San Diego–based solar electric vehicle startup Aptera is making some pretty bold claims about its current prototype: namely, that it will be the “most efficient vehicle on the planet.” But the questions that surround the Aptera are not about its efficiency, but rather about whether it will make it into production at all.
According to reporting from Electrek, the Aptera prototype — a tiny, three-wheeled, spaceship-looking vehicle with solar panels on the roof — is currently undergoing wind tunnel testing in Italy to prove that it has the lowest drag coefficient of any car ever. And the specs look good. The Aptera has a teardrop shape with a pointed rear, all three wheels enclosed in aerodynamic pods, and a tiny frame, all of which could combine to create a record-breaking drag coefficient, as the company is predicting.

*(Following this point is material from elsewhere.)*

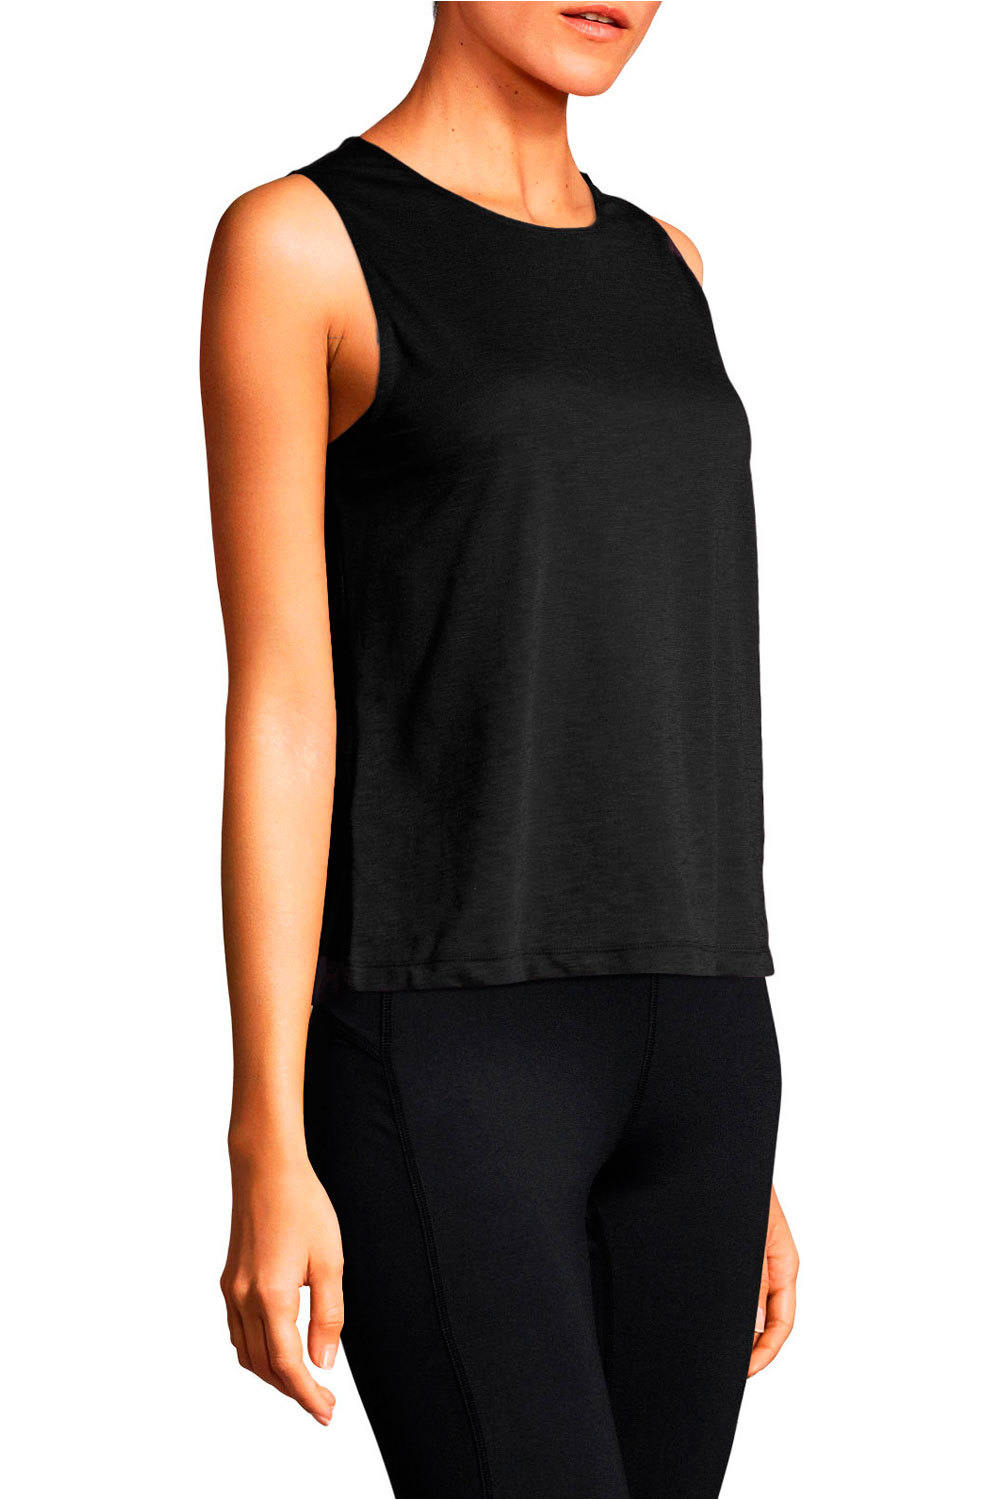 Casall Camiseta Tirantes Yoga Texture Tank vista detalle
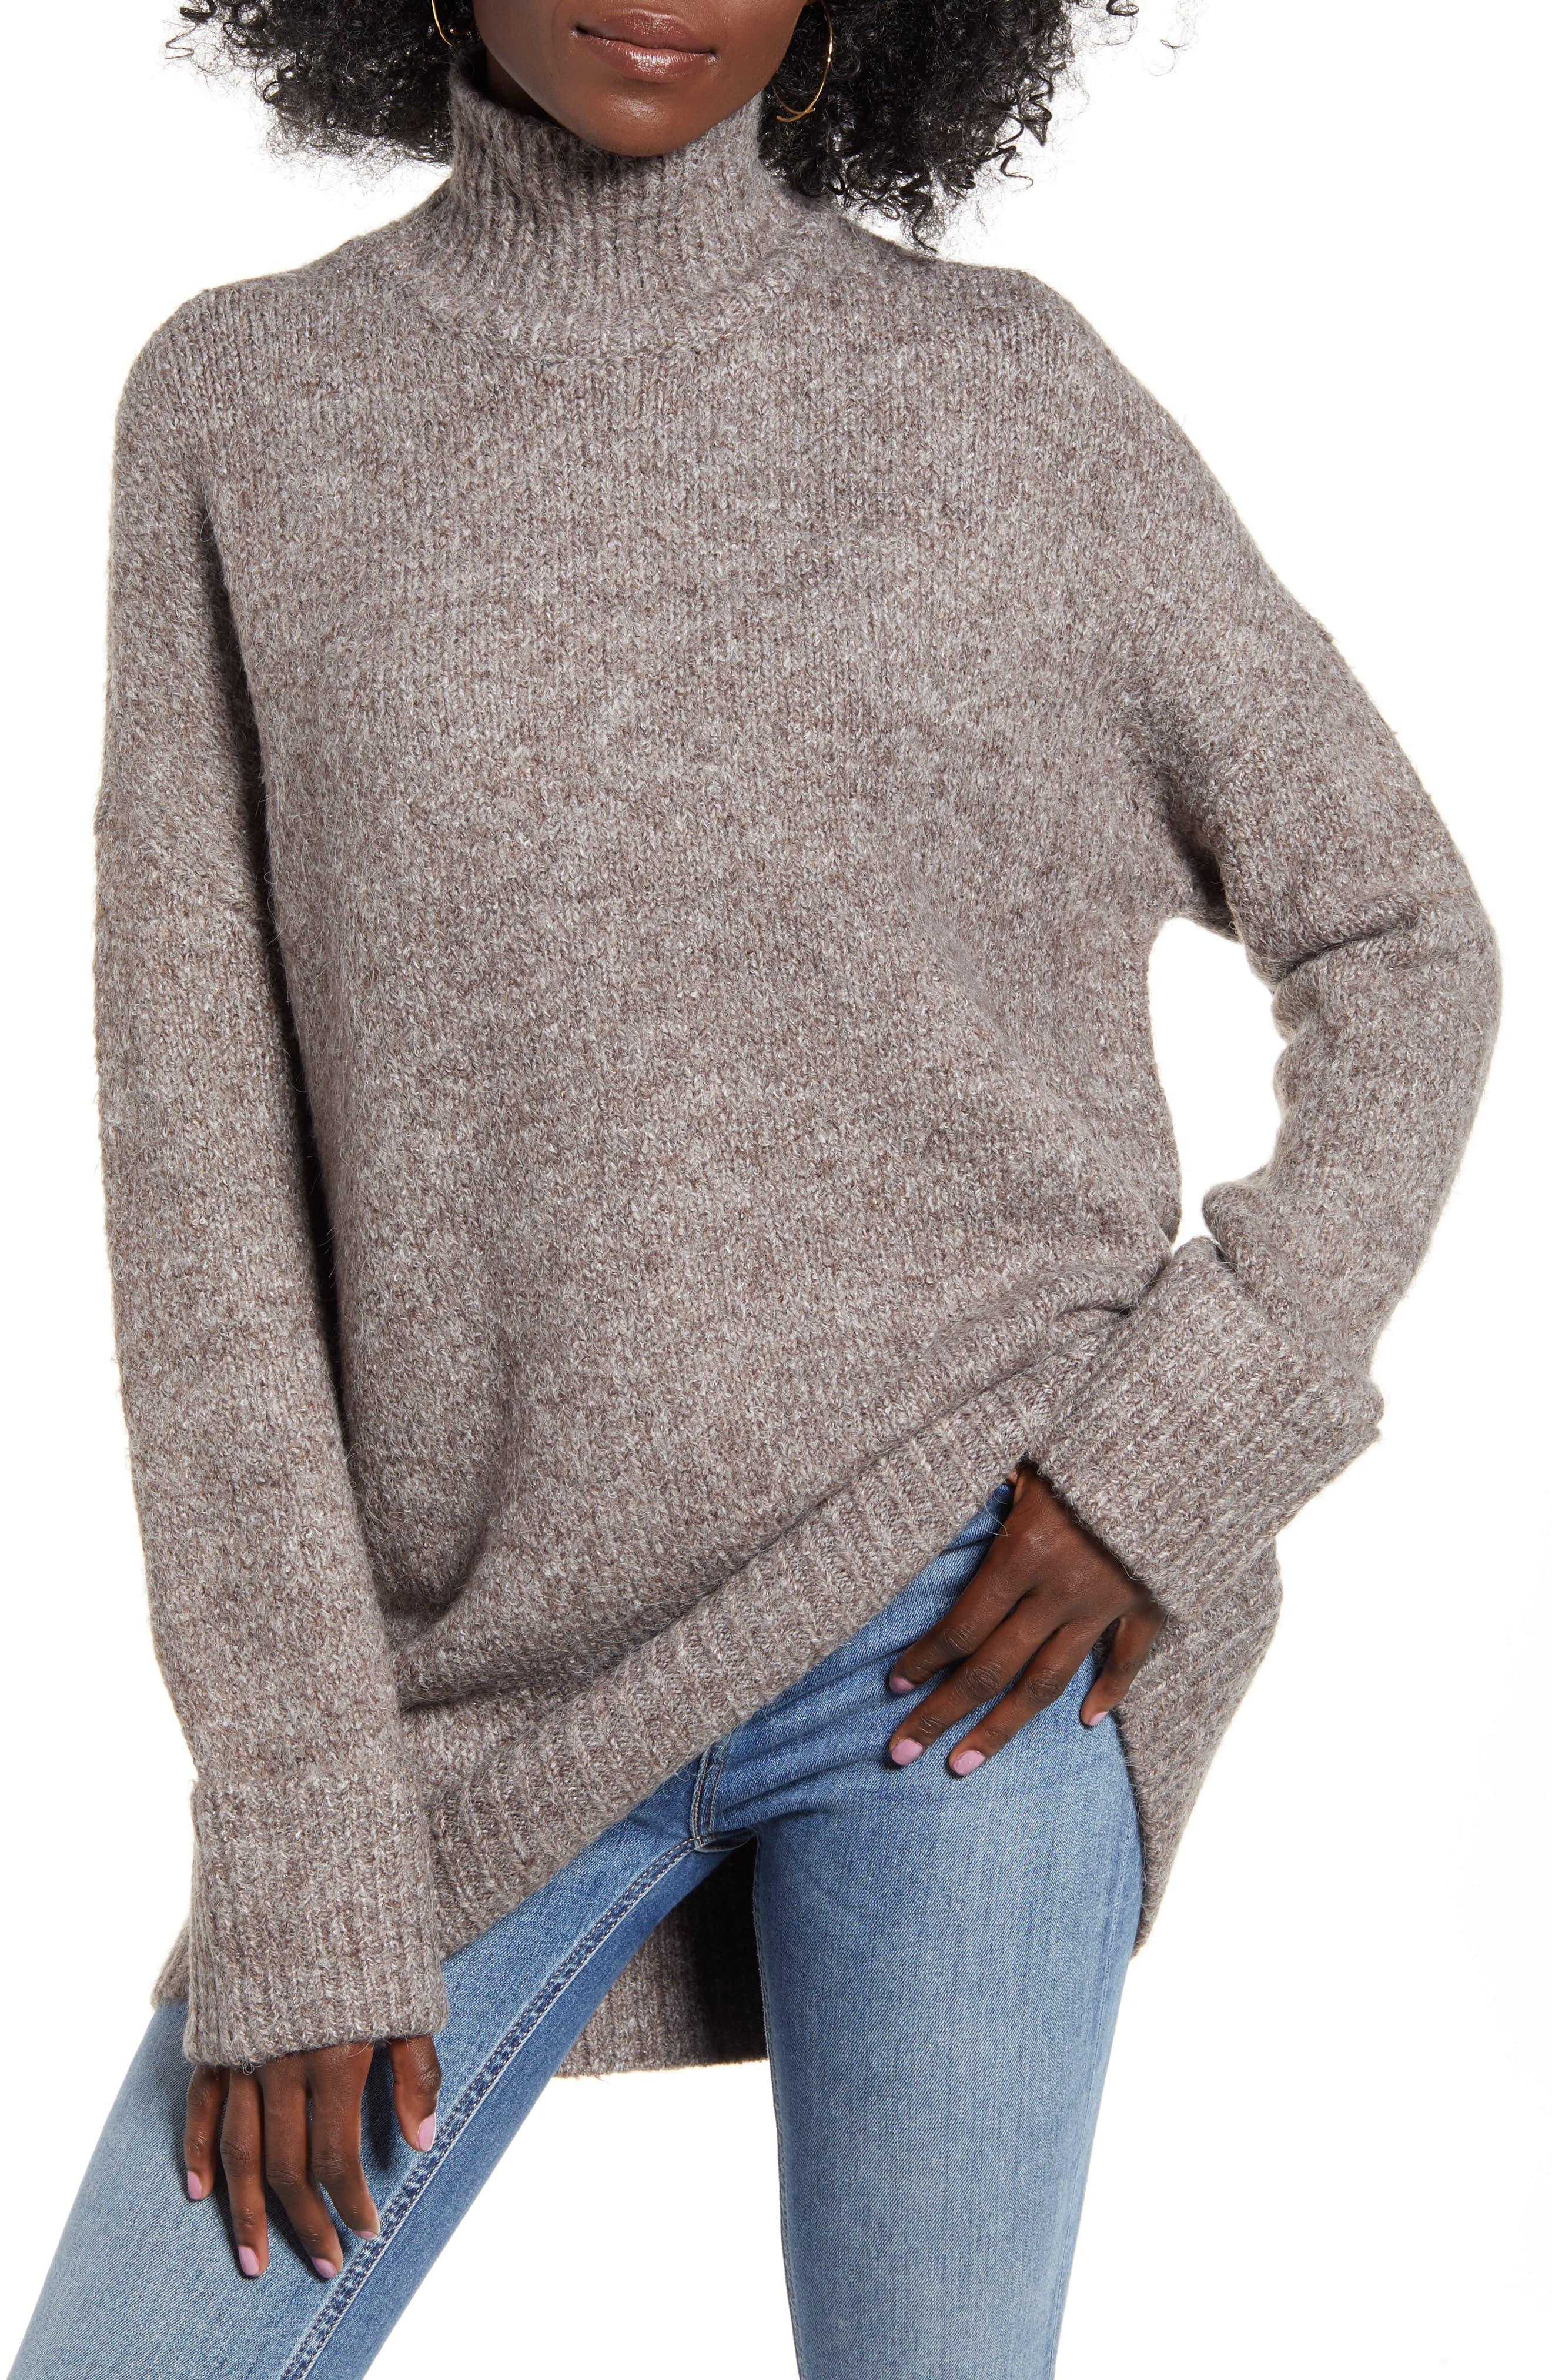 Vero Moda Berko Turtleneck Sweater in Gray - Lyst

What remains to be seen with the Aptera is whether the car can actually make it to market. Despite having many preorders and EV enthusiasts eagerly anticipating its launch, Aptera is reportedly constantly strapped for cash. The company has undertaken a successful crowdfunding campaign to keep operations going, although Electrek reports it may have run afoul of the Securities and Exchange Commission in doing so.
Another reason for pessimism around Aptera is that the company has already gone bankrupt once, in 2011, and was forced to refund the preorders customers placed on a similar three-wheeled solar electric vehicle. However, the company rose from the dead in 2021 with its original founders still at the helm and most of its original concept intact. And a lot has changed in terms of the public’s acceptance of electric cars in the past decade, so it is perfectly plausible that Aptera may succeed this time doing the exact thing it failed at more than a decade ago.
Electrek’s commenters had mixed reactions to the new Aptera updates.
“I truly would love to see Aptera succeed. Their success would after all incentivize other manufactures to start incorporating solar technology into EVs, which seems like such a natural step in EV technology,” wrote one commenter.
“Problem is, it’s NOT a car, won’t pass any safety testing as a result, and may even require a helmet in states like California,” wrote another. “Call me when it is no longer in vaporware stage and has some sort of safety rating. Not holding my breath.”